Hansen Johan Liseth, Wangen Knut Reidar
University of Oslo, Oslo, Norway.
Quantify Research, Stockholm, Sweden.
Eur J Pain. 2025 Jan;29(1):e4706. doi: 10.1002/ejp.4706. Epub 2024 Aug 2.
Low back pain (LBP) is a leading reason for opioid use and a closer examination of opioid use and productivity losses among these patients is needed. We identify opioid use trajectories using a group-based trajectory model (GBTM) and estimate productivity losses across the trajectories.
Patients diagnosed with LBP in Swedish specialty care between 2011 and 2015, between the ages of 20 and 60, were included. Two GBTMs were estimated on monthly opioid use (converted to oral morphine equivalents) during the two 12-month periods preceding and following diagnosis. Productivity losses were estimated using the human-capital approach.
In total, 147,035 patients were included. The mean age at diagnosis was 43 years of age and 49% of the patients were male. A qualitative assessment of the identified groups in the GBTM models was made based on the patterns of opioid use. We chose three pre-diagnosis groups characterized as 'Pre-low' (N = 109,492), 'Pre-increase' (N = 27,336) and 'Pre-high' (N = 10,207). Similarly, four post-diagnosis groups were chosen and characterized as 'Post-low' (N = 73,287), 'Post-decrease' (N = 39,446), 'Post-moderate' (N = 20,001) and 'Post-high' (N = 13,595). Only 50% of the patients in the 'Pre-high' group were in the 'Post-high' group. The total productivity losses by the pre-diagnosis groups were more than 2.7 billion Euros over the total 6-year study period.
This study highlights how patients with LBP and high use of opioids are highly correlated before and after diagnosis. Patients with high use of opioids also exhibit high work absence and productivity losses.

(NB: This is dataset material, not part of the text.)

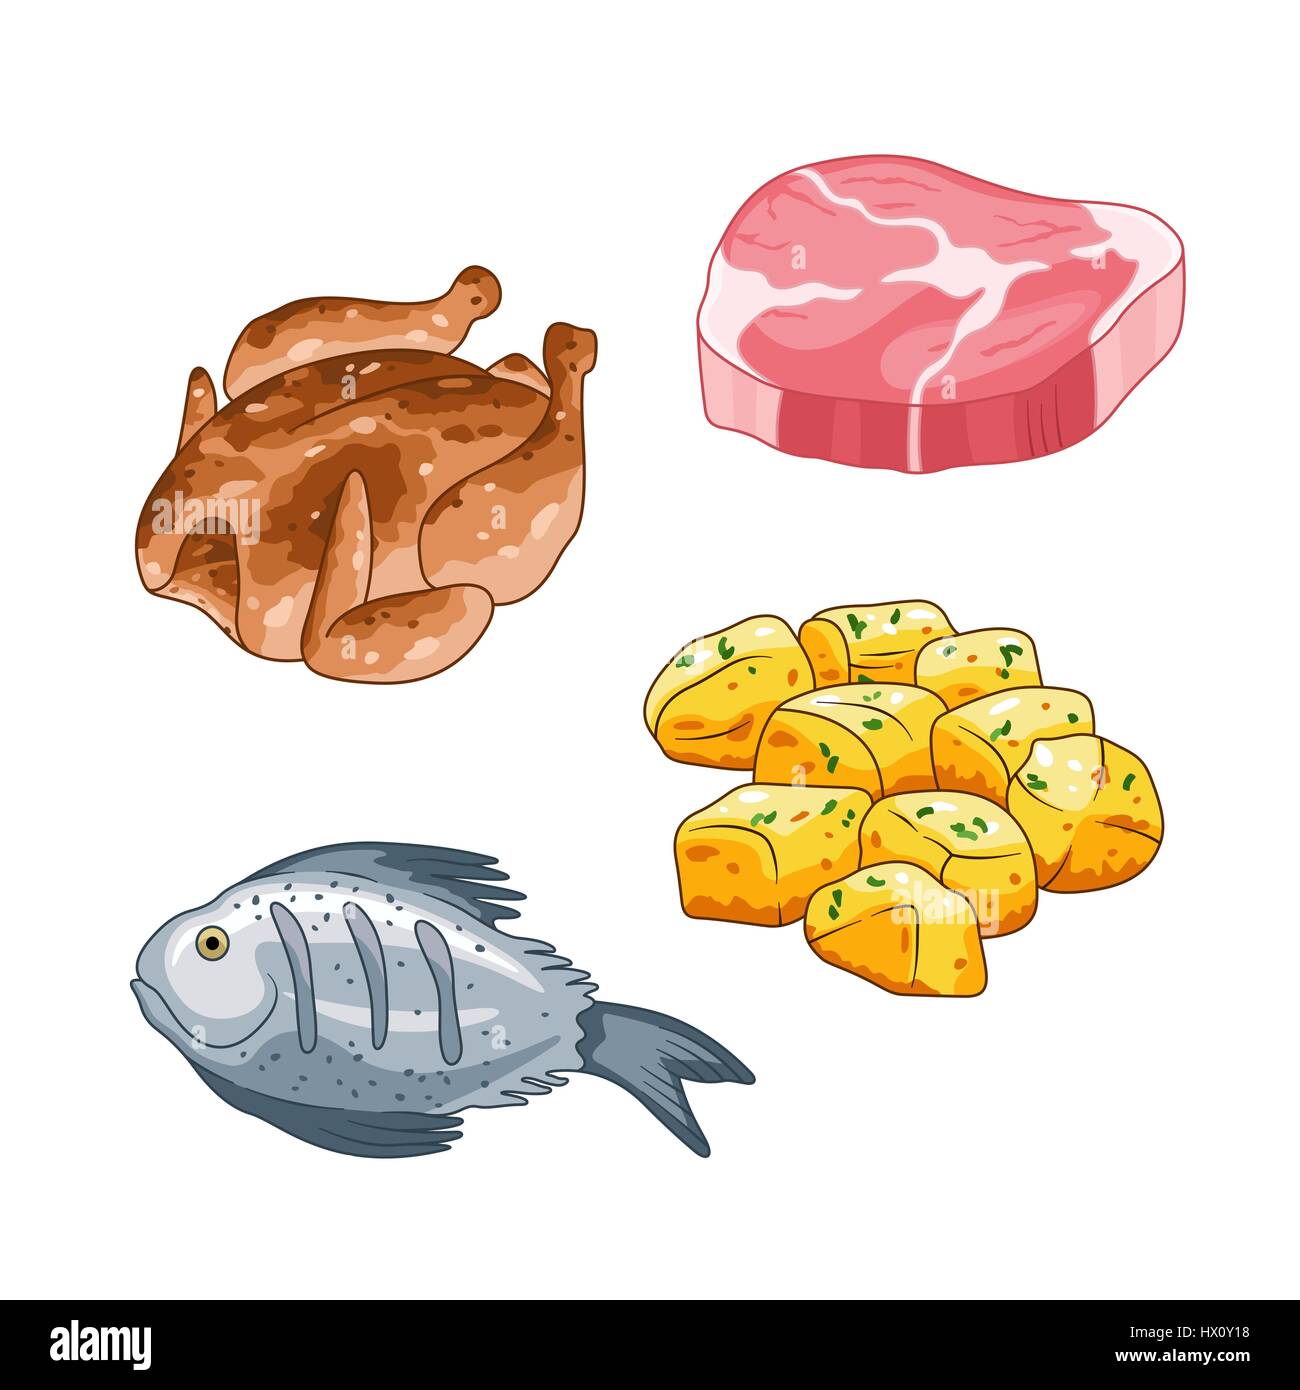 Lebensmittel und Essen Vektor festgelegt im Cartoon-Stil Stock Vektor

This was the first study to estimate trajectories of opioids in the two time periods before and after a diagnosis of low back pain. For the first time, productivity losses were also estimated across the identified opioid use trajectories.
腰痛(LBP)是使用阿片类药物的主要原因,需要对这些患者的阿片类药物使用情况和生产力损失进行更深入的研究。我们使用基于群体的轨迹模型(GBTM)来识别阿片类药物使用轨迹,并估计各轨迹的生产力损失。
纳入2011年至2015年在瑞典专科护理中诊断为LBP、年龄在20至60岁之间的患者。在诊断前后的两个12个月期间,根据每月阿片类药物使用量(换算为口服吗啡当量)估计两个GBTM。使用人力资本方法估计生产力损失。
共纳入147,035名患者。诊断时的平均年龄为43岁,49%的患者为男性。根据阿片类药物使用模式对GBTM模型中识别出的组进行定性评估。我们选择了三个诊断前组,分别为“诊断前低用量组”(N = 109,492)、“诊断前增加组”(N = 27,336)和“诊断前高用量组”(N = 10,207)。同样,选择了四个诊断后组,分别为“诊断后低用量组”(N = 73,287)、“诊断后减少组”(N = 39,446)、“诊断后中等用量组”(N = 20,001)和“诊断后高用量组”(N = 13,595)。“诊断前高用量组”中只有50%的患者属于“诊断后高用量组”。在整个6年的研究期间,诊断前组的总生产力损失超过27亿欧元。
本研究强调了LBP患者和高阿片类药物使用情况在诊断前后高度相关。高阿片类药物使用的患者也表现出高缺勤率和生产力损失。
这是第一项估计腰痛诊断前后两个时间段内阿片类药物轨迹的研究。首次还对识别出的阿片类药物使用轨迹的生产力损失进行了估计。